Exercise inputs:
--

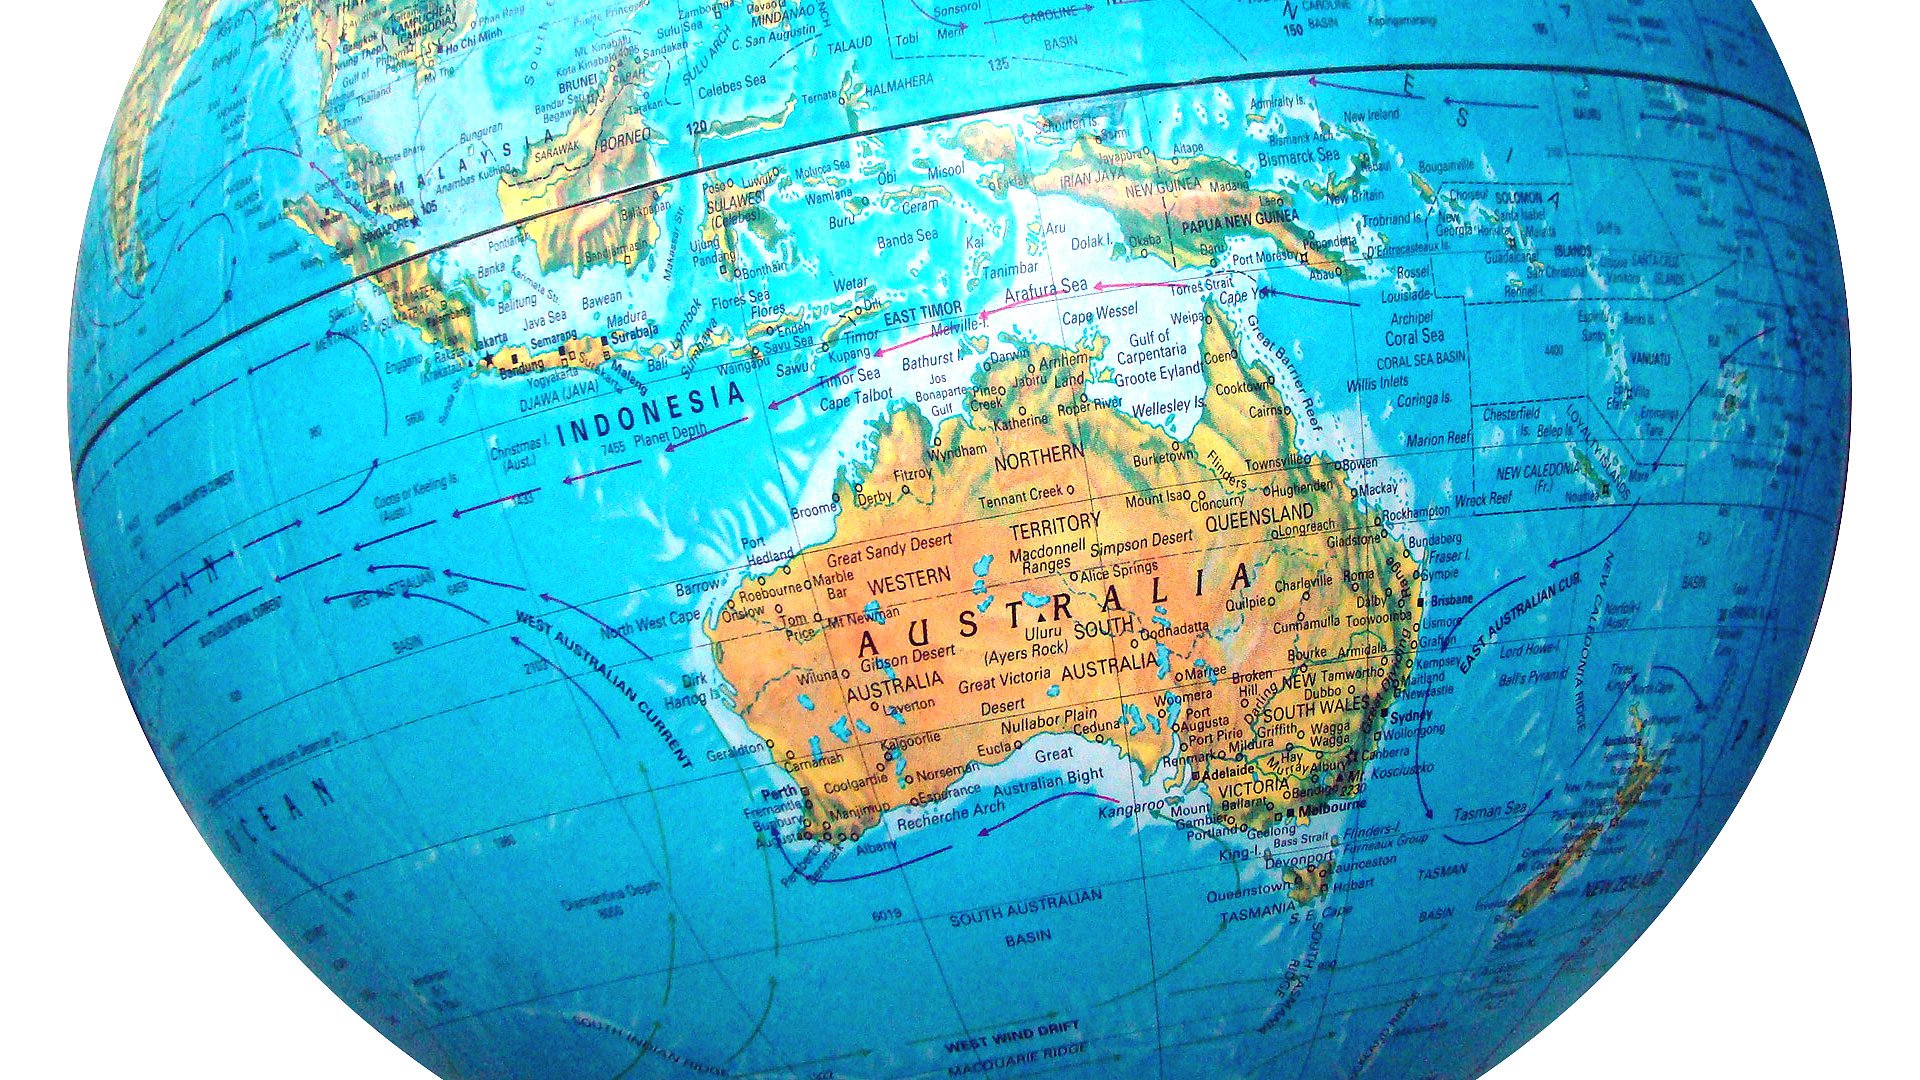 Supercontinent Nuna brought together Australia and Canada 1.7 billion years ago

--

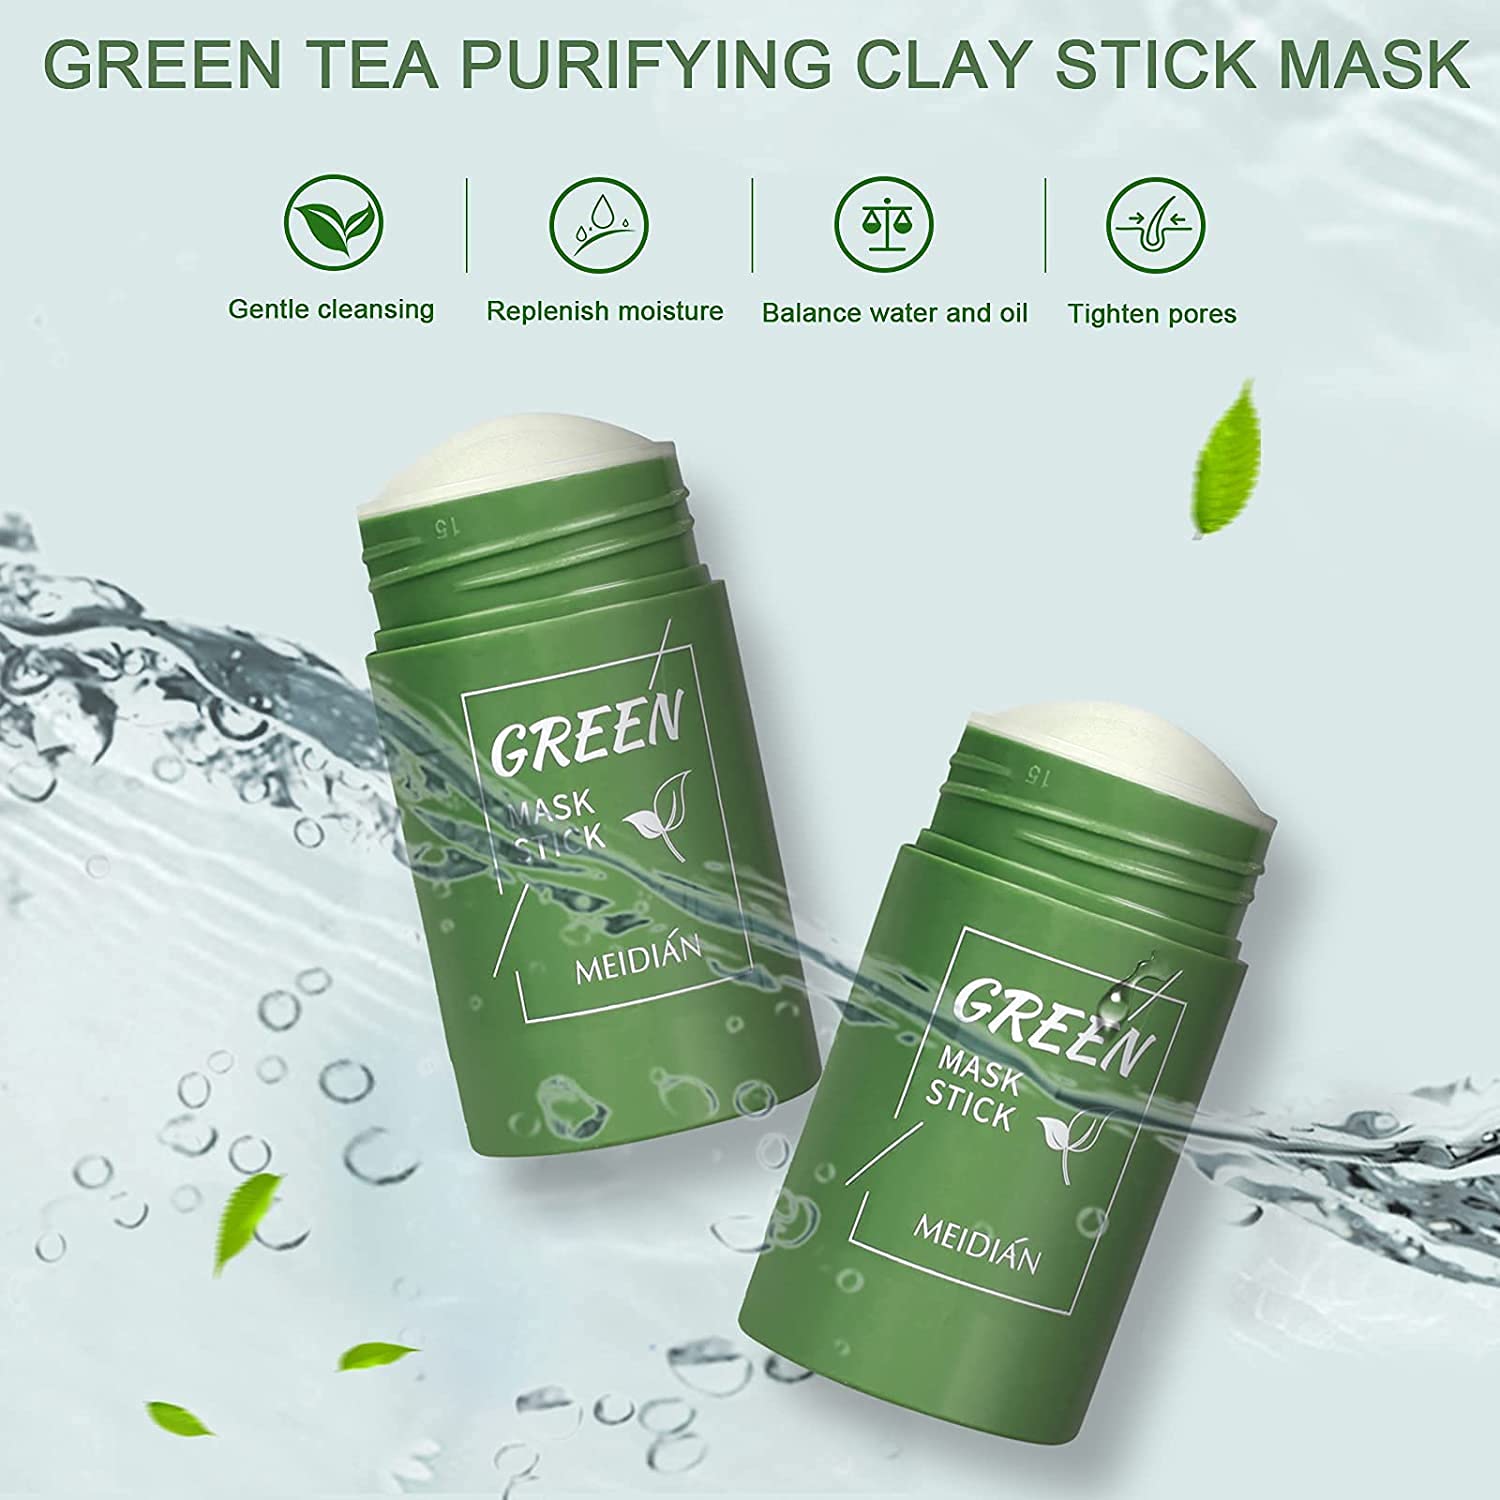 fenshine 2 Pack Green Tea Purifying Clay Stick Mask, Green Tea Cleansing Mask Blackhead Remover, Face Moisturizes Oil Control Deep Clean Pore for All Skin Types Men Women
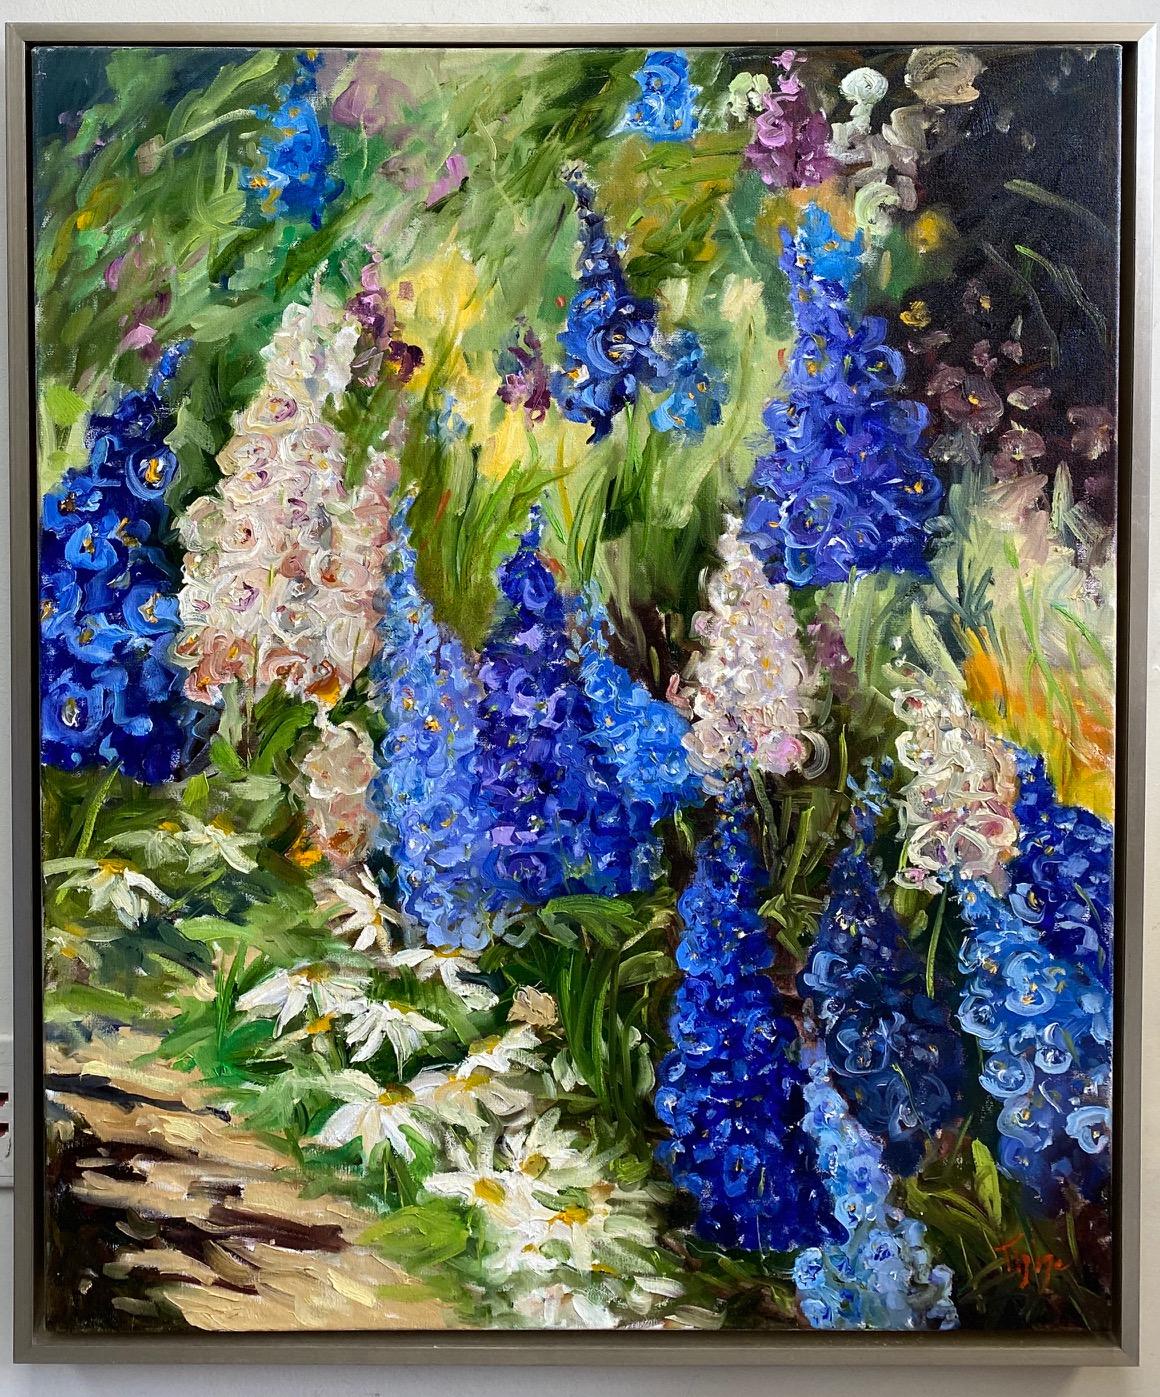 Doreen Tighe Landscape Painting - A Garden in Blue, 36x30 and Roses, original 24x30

--

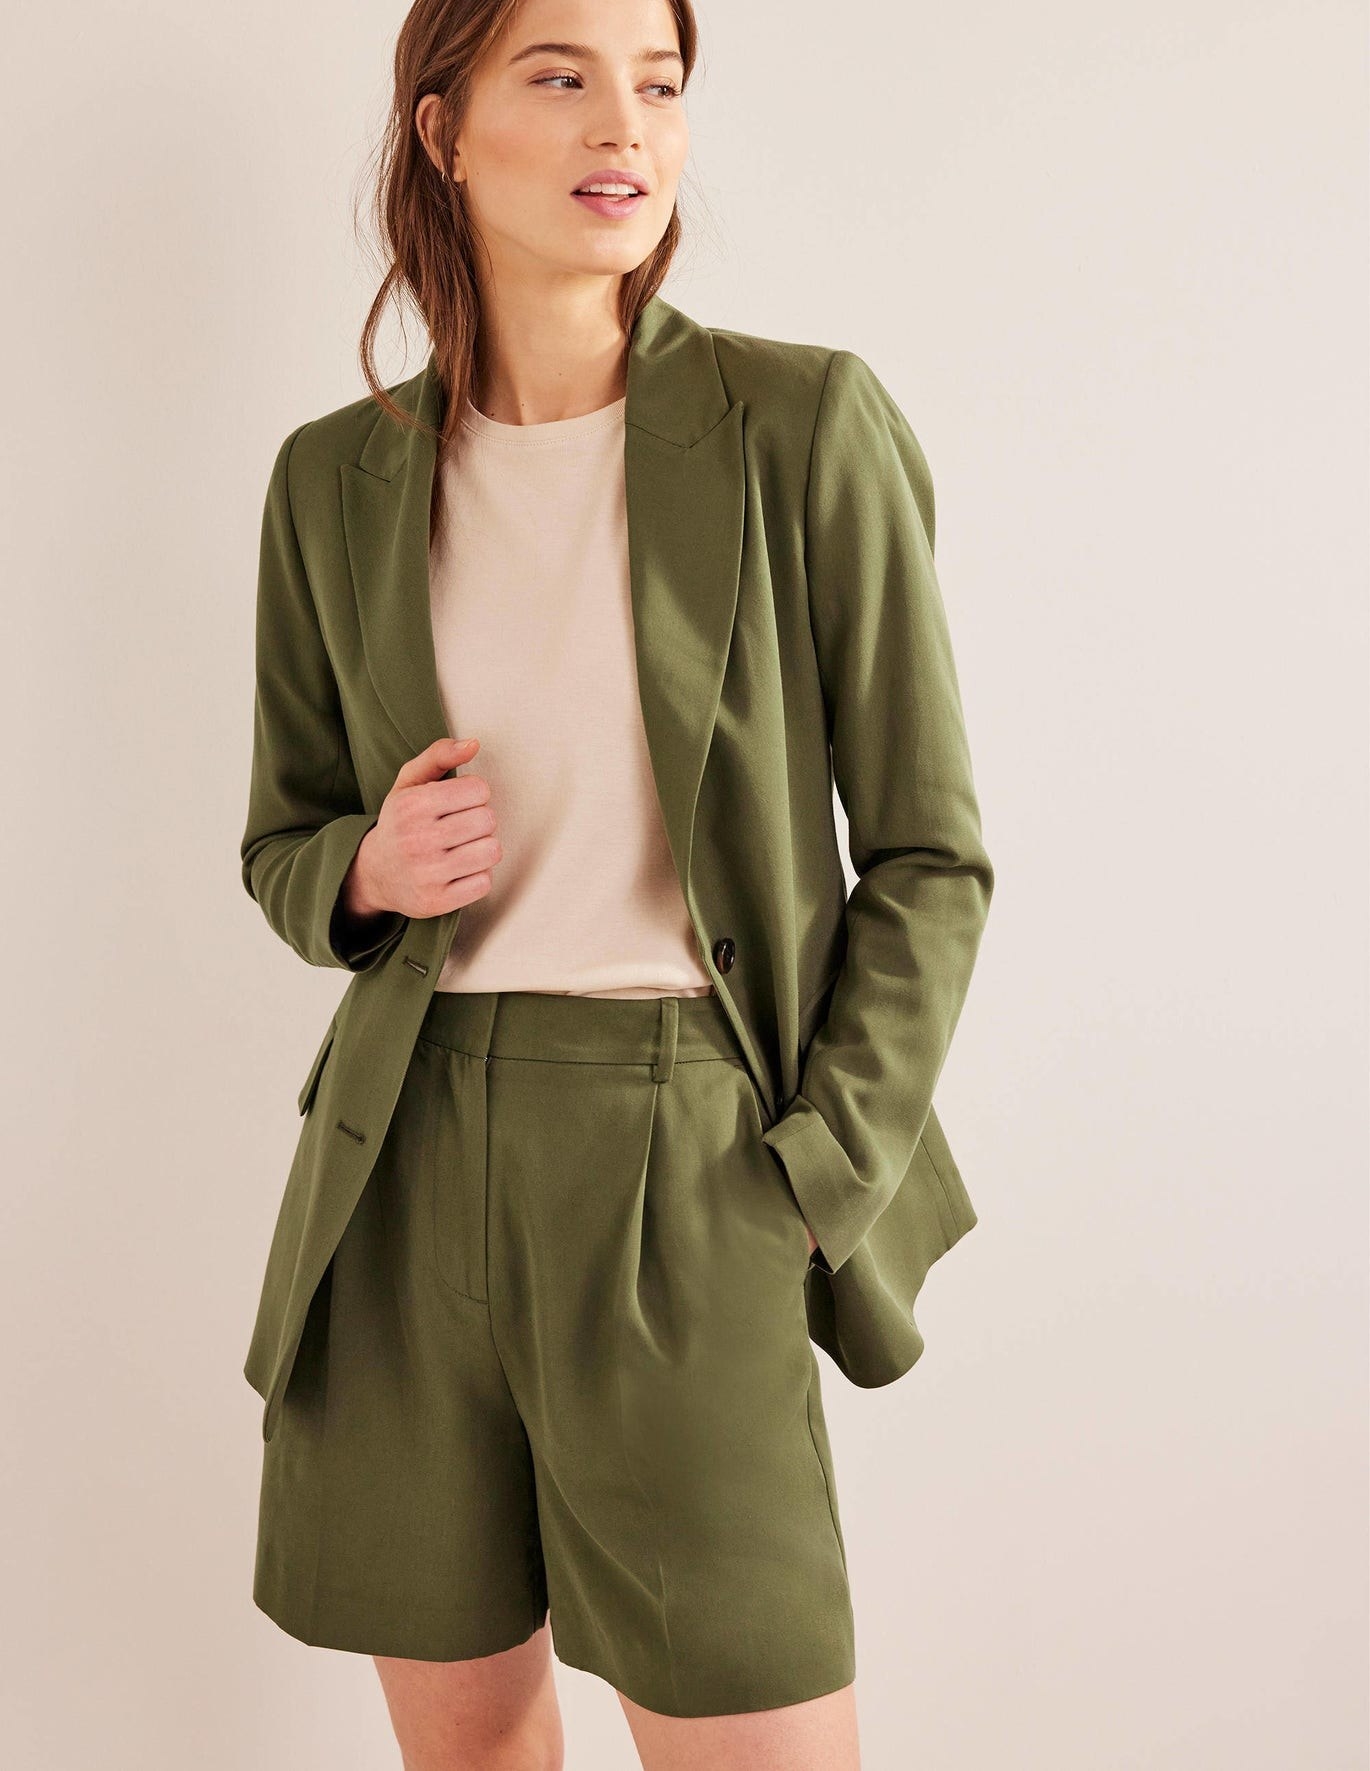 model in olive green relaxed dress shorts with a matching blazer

--

Work task: Quote word for word only the lines above from the one containing "fenshine 2 Pack" through the one containing "Doreen Tighe Landscape". Pictures stay out of your copy.

Result for this exercise:
 fenshine 2 Pack Green Tea Purifying Clay Stick Mask, Green Tea Cleansing Mask Blackhead Remover, Face Moisturizes Oil Control Deep Clean Pore for All Skin Types Men Women
 Doreen Tighe Landscape Painting - A Garden in Blue, 36x30 and Roses, original 24x30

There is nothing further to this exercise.